*** Opening of Information ***

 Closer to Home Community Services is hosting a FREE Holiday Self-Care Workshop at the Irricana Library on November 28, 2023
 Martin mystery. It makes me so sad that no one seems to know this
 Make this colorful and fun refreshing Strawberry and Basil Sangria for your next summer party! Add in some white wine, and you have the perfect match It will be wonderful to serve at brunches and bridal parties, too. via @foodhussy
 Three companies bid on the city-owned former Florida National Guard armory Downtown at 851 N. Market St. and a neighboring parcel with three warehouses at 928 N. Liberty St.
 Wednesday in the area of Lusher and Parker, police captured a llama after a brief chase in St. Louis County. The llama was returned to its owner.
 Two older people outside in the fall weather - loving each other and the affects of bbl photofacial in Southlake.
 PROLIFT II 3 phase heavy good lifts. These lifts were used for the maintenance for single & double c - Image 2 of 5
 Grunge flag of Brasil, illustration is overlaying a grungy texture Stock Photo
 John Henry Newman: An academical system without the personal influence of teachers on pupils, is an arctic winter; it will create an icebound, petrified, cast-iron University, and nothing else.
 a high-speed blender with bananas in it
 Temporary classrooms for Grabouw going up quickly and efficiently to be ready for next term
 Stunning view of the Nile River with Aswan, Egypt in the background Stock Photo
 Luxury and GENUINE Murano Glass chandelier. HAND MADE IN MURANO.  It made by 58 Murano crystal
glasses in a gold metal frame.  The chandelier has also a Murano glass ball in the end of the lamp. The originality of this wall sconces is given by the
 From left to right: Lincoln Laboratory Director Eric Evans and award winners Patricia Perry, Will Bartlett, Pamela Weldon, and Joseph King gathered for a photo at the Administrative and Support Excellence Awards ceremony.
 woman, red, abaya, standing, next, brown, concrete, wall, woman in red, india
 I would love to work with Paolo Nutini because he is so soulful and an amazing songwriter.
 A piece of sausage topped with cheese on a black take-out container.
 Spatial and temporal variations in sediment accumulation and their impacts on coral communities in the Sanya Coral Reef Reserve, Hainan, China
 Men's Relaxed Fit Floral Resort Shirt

*** Close of Information ***

**What you should do:** Starting at the line above that contains "Luxury and GENUINE", write out each line exactly until the line that contains "I would love" has been written, and stop there.

**Problem solution:**
 Luxury and GENUINE Murano Glass chandelier. HAND MADE IN MURANO.  It made by 58 Murano crystal
glasses in a gold metal frame.  The chandelier has also a Murano glass ball in the end of the lamp. The originality of this wall sconces is given by the
 From left to right: Lincoln Laboratory Director Eric Evans and award winners Patricia Perry, Will Bartlett, Pamela Weldon, and Joseph King gathered for a photo at the Administrative and Support Excellence Awards ceremony.
 woman, red, abaya, standing, next, brown, concrete, wall, woman in red, india
 I would love to work with Paolo Nutini because he is so soulful and an amazing songwriter.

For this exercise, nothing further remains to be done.